» **ABOUT THIS EXERCISE**
Going down the listing below, print exactly each line from the one with "The Rainbow Bedroom" up to and including the one with "Set of 2 Sculptural", and skip the rest.

» **INPUT RECORDS**

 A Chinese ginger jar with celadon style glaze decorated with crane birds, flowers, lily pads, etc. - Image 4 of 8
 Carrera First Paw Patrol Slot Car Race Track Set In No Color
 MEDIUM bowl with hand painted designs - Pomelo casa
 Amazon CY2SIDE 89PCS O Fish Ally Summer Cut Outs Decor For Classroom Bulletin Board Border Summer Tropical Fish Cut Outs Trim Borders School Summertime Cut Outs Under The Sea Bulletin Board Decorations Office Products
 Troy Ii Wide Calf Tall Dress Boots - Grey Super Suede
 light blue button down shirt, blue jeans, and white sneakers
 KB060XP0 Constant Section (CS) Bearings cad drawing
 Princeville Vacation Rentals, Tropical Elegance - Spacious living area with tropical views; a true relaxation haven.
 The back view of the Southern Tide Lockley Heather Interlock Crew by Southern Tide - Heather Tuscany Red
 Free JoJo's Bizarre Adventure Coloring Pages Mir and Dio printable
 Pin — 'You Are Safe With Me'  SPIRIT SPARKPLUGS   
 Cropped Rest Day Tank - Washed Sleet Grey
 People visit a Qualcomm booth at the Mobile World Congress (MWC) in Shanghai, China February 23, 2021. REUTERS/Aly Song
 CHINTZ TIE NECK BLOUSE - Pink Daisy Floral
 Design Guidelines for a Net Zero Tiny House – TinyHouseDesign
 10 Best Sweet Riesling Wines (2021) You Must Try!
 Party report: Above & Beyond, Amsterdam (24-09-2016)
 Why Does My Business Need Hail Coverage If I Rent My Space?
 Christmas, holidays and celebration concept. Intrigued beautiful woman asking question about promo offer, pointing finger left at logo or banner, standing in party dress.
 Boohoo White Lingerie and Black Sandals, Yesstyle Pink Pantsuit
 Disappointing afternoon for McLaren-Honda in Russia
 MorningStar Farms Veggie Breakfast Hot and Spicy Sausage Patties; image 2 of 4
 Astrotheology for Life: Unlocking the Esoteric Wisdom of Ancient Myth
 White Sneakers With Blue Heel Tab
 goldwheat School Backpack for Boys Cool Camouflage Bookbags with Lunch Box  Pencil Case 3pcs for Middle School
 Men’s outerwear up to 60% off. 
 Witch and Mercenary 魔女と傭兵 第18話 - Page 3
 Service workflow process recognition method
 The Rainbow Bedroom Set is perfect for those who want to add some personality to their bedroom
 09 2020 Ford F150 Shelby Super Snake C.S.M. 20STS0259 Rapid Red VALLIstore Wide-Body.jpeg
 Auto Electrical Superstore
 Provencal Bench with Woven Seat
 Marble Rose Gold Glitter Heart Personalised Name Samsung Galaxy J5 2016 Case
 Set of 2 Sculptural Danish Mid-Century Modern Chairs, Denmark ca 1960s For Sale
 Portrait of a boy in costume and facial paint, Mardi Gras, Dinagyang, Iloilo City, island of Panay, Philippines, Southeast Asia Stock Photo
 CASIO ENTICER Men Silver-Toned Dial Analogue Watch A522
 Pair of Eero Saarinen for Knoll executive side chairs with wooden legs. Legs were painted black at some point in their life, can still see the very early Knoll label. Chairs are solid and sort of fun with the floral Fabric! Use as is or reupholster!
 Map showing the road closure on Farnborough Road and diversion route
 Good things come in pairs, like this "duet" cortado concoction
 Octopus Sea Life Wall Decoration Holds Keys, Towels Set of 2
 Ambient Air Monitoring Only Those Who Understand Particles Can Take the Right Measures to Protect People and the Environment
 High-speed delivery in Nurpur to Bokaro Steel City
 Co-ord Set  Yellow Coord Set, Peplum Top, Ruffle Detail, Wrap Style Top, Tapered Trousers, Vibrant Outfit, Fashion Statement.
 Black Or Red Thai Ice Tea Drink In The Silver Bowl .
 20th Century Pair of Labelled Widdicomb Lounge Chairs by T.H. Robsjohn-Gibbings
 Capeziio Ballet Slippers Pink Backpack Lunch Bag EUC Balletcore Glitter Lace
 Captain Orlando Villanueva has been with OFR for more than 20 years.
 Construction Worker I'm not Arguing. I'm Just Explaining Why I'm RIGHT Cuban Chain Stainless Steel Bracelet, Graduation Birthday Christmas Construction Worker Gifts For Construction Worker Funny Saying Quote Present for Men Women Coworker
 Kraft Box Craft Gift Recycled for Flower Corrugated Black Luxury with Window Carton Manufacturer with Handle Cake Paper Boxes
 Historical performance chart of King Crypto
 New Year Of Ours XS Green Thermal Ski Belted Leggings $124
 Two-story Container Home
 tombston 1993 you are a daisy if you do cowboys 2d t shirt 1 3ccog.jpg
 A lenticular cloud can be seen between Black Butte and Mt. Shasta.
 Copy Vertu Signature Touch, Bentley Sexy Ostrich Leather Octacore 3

» **REPLY**
 The Rainbow Bedroom Set is perfect for those who want to add some personality to their bedroom
 09 2020 Ford F150 Shelby Super Snake C.S.M. 20STS0259 Rapid Red VALLIstore Wide-Body.jpeg
 Auto Electrical Superstore
 Provencal Bench with Woven Seat
 Marble Rose Gold Glitter Heart Personalised Name Samsung Galaxy J5 2016 Case
 Set of 2 Sculptural Danish Mid-Century Modern Chairs, Denmark ca 1960s For Sale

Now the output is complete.